Content starts

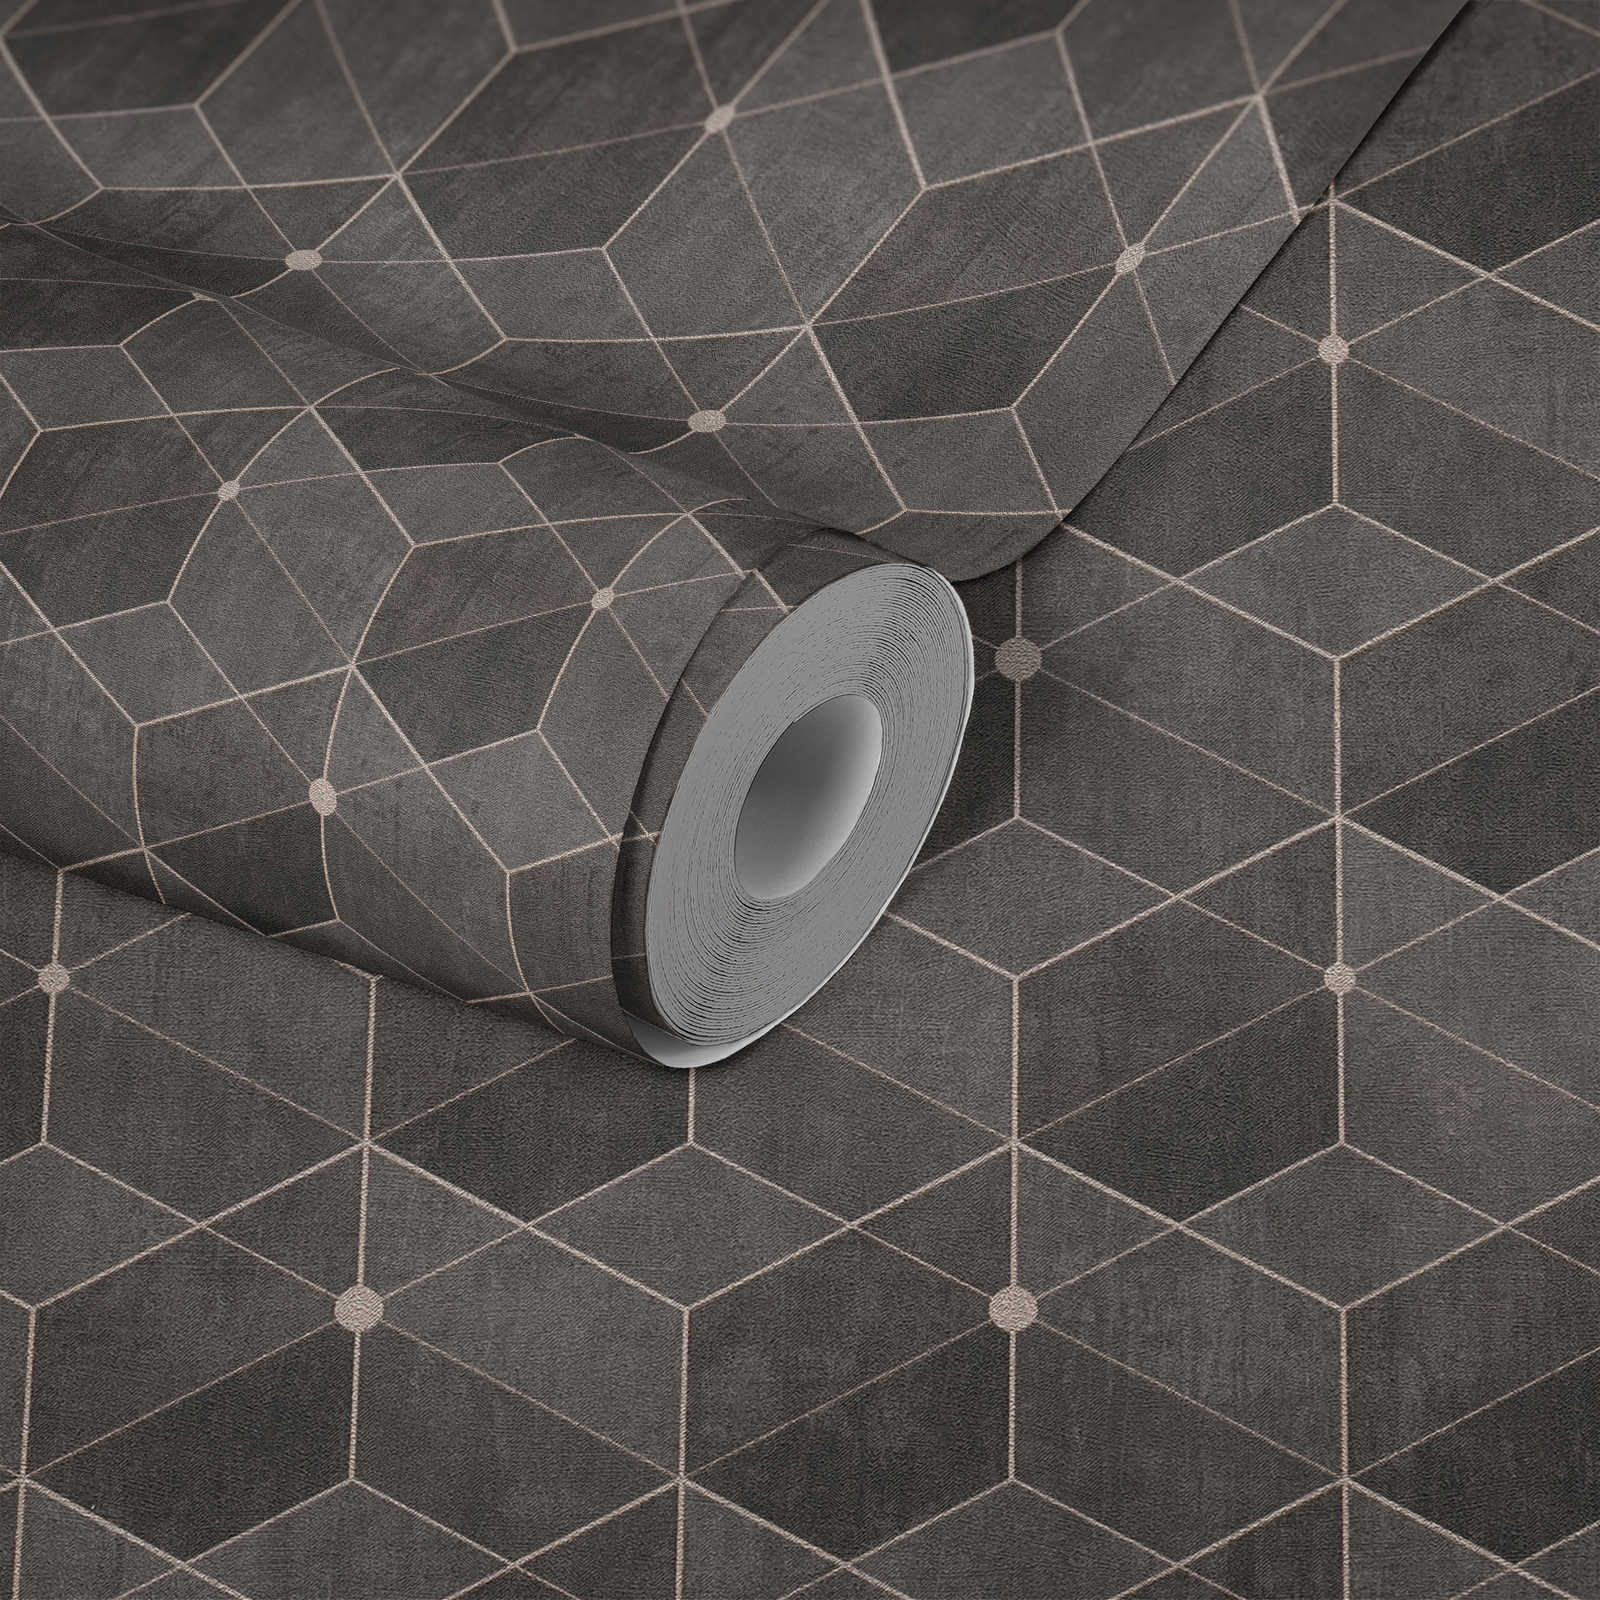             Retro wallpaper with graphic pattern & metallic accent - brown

Content ends
Content starts

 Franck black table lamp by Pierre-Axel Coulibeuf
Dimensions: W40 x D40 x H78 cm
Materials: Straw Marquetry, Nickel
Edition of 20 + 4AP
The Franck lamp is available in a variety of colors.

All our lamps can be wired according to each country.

Content ends
Content starts

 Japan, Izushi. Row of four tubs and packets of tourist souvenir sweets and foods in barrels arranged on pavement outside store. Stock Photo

Content ends

TO DO: Return only the part of the records above that opens with the line containing "Edition of 20 + 4AP" and closes with the line containing "All our lamps", ends included.

RESULT OF THIS TASK:
Edition of 20 + 4AP
The Franck lamp is available in a variety of colors.

All our lamps can be wired according to each country.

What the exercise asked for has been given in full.